Sweetness and light I am not. I’m a surly old broad. I fail to understand why I am not treated like royalty everywhere I go…do they not know who I am…???
I’m much like Francis in this wonderful short film. A grouchy old fuss-budget-know-it-all. Able to be plied with sweets. But I want to be like Bella – self-assured, friendly and inquisitive.
A few days ago I met a dear friend for lunch, and then had the treat of accompanying her to a house showing. Who doesn’t love to nosey around a house for sale?! The old cottage itself was a bit of a fixer-upper, increasingly less common in this area. And often the victim of vampire flippers looking to make a quick profit. This cottage had been shared by three sisters who were either deceased now, or too elderly to travel here. A pencil portrait of one of them hung above the bookcase in the living room, as if they had always intended to return. This had never been a year-round home, but a getaway. It was a little gem waiting to be loved again.
The realtor made a comment about the potential here if someone had the vision. My first thought was that my friend has vision! She is a remarkable person, and one of my favorite artists. But I didn’t say that – instead I started espousing what I would do with the place. I have vision, too, you know. I guess I was having a sudden fit of jealousy, and I must have sounded like a right ass.
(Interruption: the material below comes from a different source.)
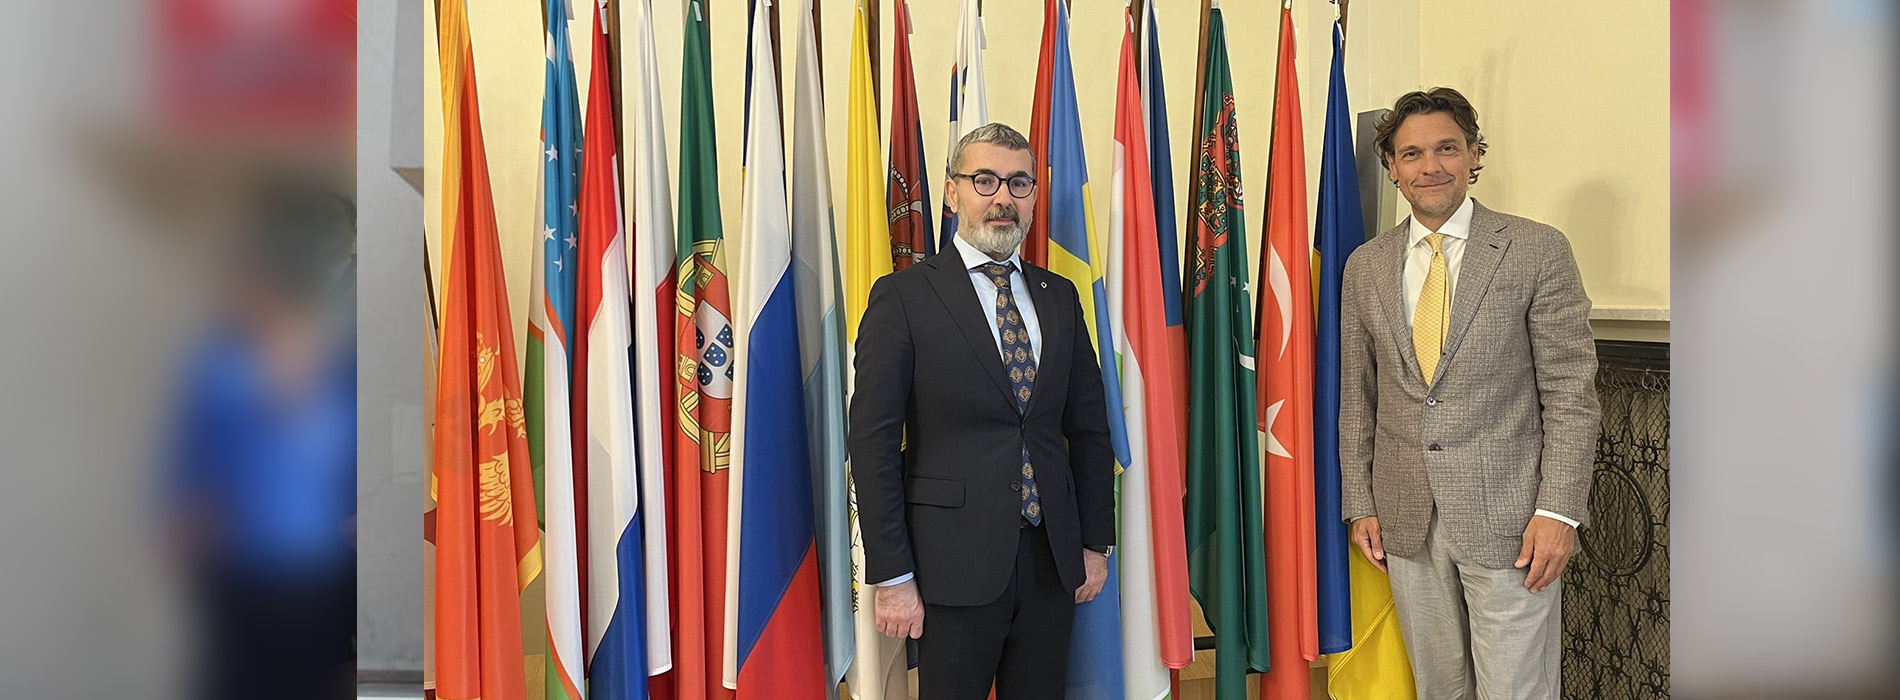 Başkanımız Prof. Dr. Muharrem Kılıç Varşova’da Temaslarda Bulundu

I loved the acre of woods hiding the house so protectively, the long two-track dirt drive we had to back up and search for…the fir floors, white bead board walls, the mullioned windows. A fairy tale cottage in the woods if ever I’d seen one.
Oh, I do so hope my friend comes to live in the cottage. She would be closer to me. I want her closer, in hopes she will be patient with me, like Bella is patient with Francis. Of course she will. She always is. And being with her is healing in so many ways. Patience is healing. Being seen is healing. Being vulnerable is healing. I want to be vulnerable with my hopelessly romantic little life.